I love the simplicity of the first page. 
I like the layout of the next page, but I feel like the photos do not appear for long enough to properly look at...actually but then if I saw a photo I was really interested in it would make me go into the gallery to look at it...so I dunno
I don't really like the photo you used in the about me section. To me it looks amateurish, but that may be because I have just seen it done so many times.
Everything else I like.


----------



## flea77 (Sep 24, 2010)

I agree the first page is simple, maybe overly so. The next page of course just gives me a big gray box telling me I need flash, so I wasn't really impressed.

Allan


----------



## ki_user (Sep 24, 2010)

Thank you both for your feedback


----------



## FlashThat (Sep 24, 2010)

Are you planning on having your website with Wix temporarily or are you going to get your website hosted and/or designed? If not, the Wix layout is fine and good but won't help you appear on search engines. It seems like its heavy on the flash too.  

If your budget is tight, but you would like to show up on search engines, etc.. You might want to Google "buy website templates" and you can buy them cheap.  

Good luck.


----------



## rCOSIO (Sep 24, 2010)

Hey Ki ... looks ok. I would definitaly pay the extra $4.99 a month to WIX to go "premium" so you do not have ANY of their company info or adds on your page. This will also get rid of Wix FaviCon logo that everyone sees.

Also, I believe in the Wix Settings, you can make it be centered on "everyones" computer ... the home screen seems to be to the left a bit. 

Lastly, the "about me" page is the exact same picture that the Wix template offes. Maybe change the picture? 

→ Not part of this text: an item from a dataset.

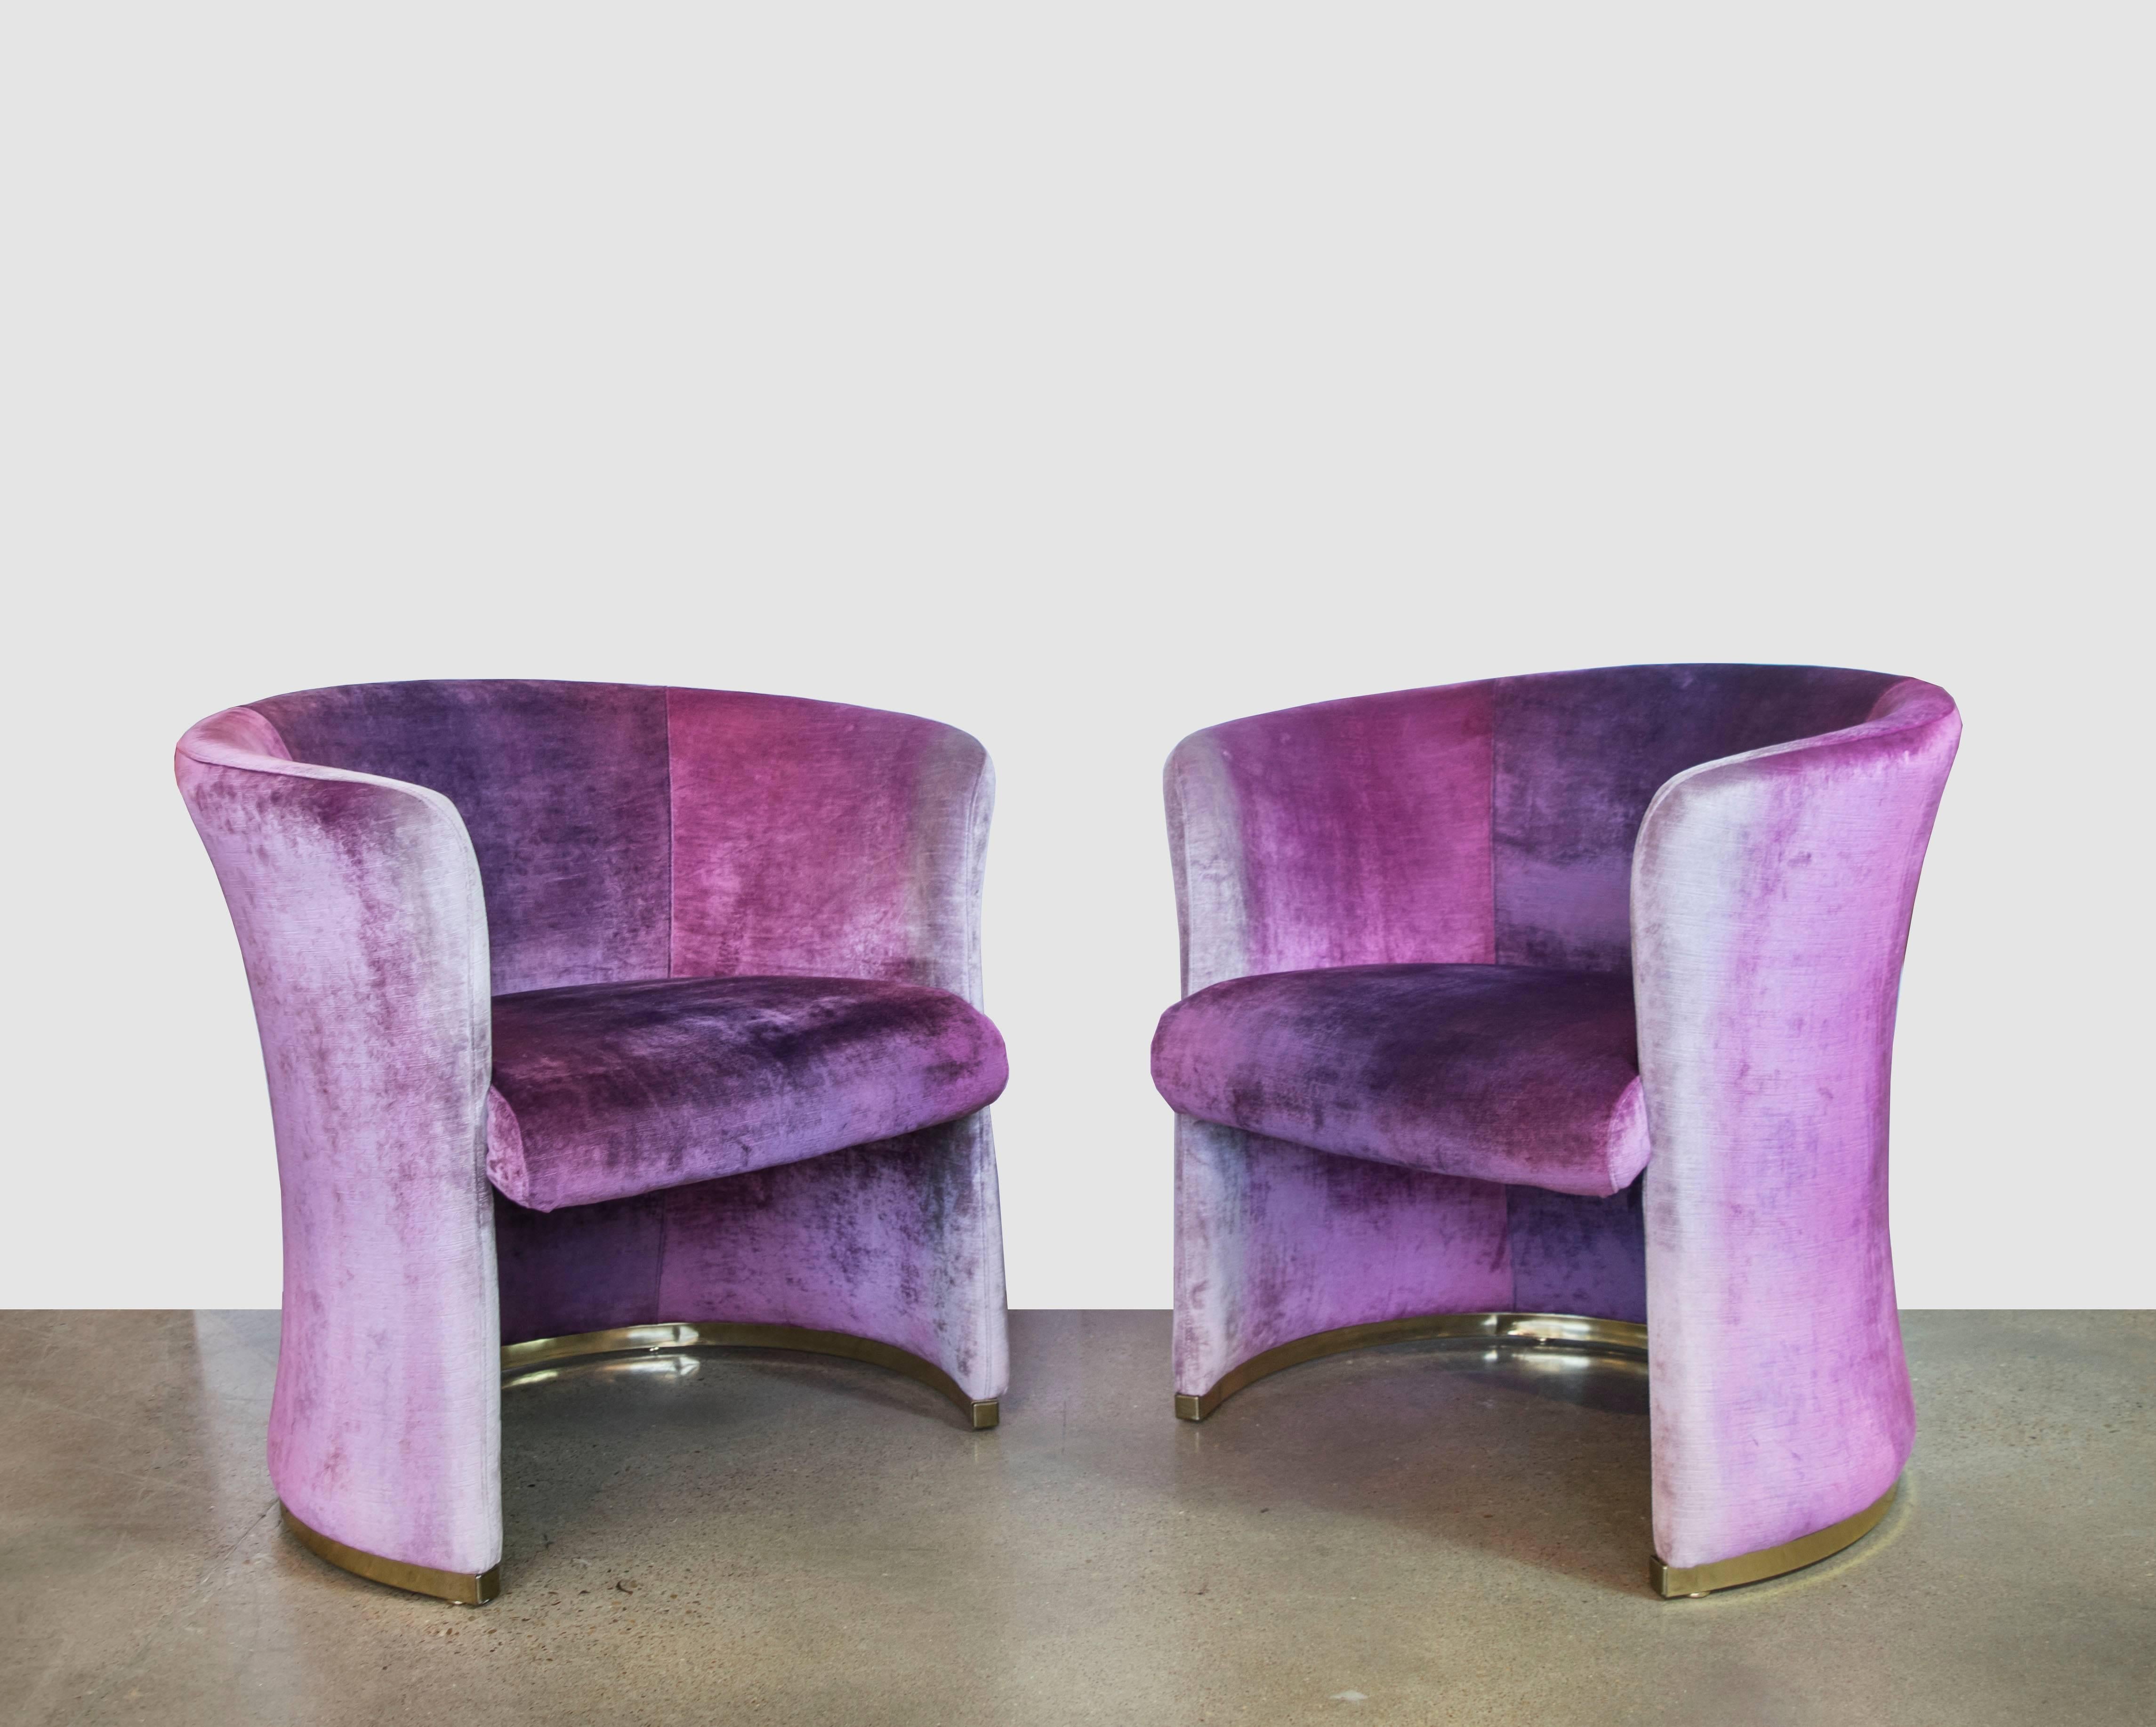 Pair of Milo Baughman for Thayer Coggin barrel club chairs with curved backs and exquisite ombre luxurious velvet which goes from a very pale lavender to a darker magenta. The chairs were expertly reupholstered and sit on a thin brass base.

I'm definitely not giving you a hard time. Just giving you some info that others see, and also that I am a Wix user as well. 

Good luck!


----------



## ki_user (Sep 25, 2010)

Thanks both, the wix will go when I am happy with it 1st page is not wix and allows me to appear on search engines


----------



## snichols (Oct 20, 2010)

Hi,

I would add a lost ot the companies and/or papers you have worked for. Potential clients will feel more confident if they feel that they are in good company. Otherwise, it can look like you are an amateur trying to break into commercial work.

Nice imagery though.

Steve Nichols
Author of "Better PR and Editorial Photography" 
See Learn how to take editorial and PR images you can be proud of


----------



## ghache (Oct 20, 2010)

FlashThat said:


> Are you planning on having your website with Wix temporarily or are you going to get your website hosted and/or designed? If not, the Wix layout is fine and good but won't help you appear on search engines. It seems like its heavy on the flash too.
> 
> If your budget is tight, but you would like to show up on search engines, etc.. You might want to Google "buy website templates" and you can buy them cheap.
> 
> Good luck.


 

that is not true, 

I am using and Wix and try photography by guillaume in google and you will find me first thing.

The thing with free wix is that you dont have a domain.
buy yourself a domain, and a really cheap hosting, the cheapest you can find.

created a index.html and add your www.wix.com/useraccount webpage url embeded in that index.html and your good to go.

you dont need a large bandwidh hosting ethier since the hosting is only redirecting from your domain to the wix page and wix does all the file hosting/transfer


----------



## ki_user (Oct 20, 2010)

snichols said:


> Hi,
> 
> I would add a lost ot the companies and/or papers you have worked for. Potential clients will feel more confident if they feel that they are in good company. Otherwise, it can look like you are an amateur trying to break into commercial work.
> 
> ...



Thanks, and great idea, I have made a start



ghache said:


> FlashThat said:
> 
> 
> > Are you planning on having your website with Wix temporarily or are you going to get your website hosted and/or designed? If not, the Wix layout is fine and good but won't help you appear on search engines. It seems like its heavy on the flash too.
> ...



I guess you are the one in Canada, because the 1st one is a guy from Austrailia.

With the greatest of respect you should be high in google for "photography by guillaume" I can't imagine there are that many with that name and unless they know you people are not going to search for that phrase.

Where do you list for (your town name) photographer, if you put "bridgend photographer" into google I am towards the top of page two.

it's taken a lot of hard work to get there though.


----------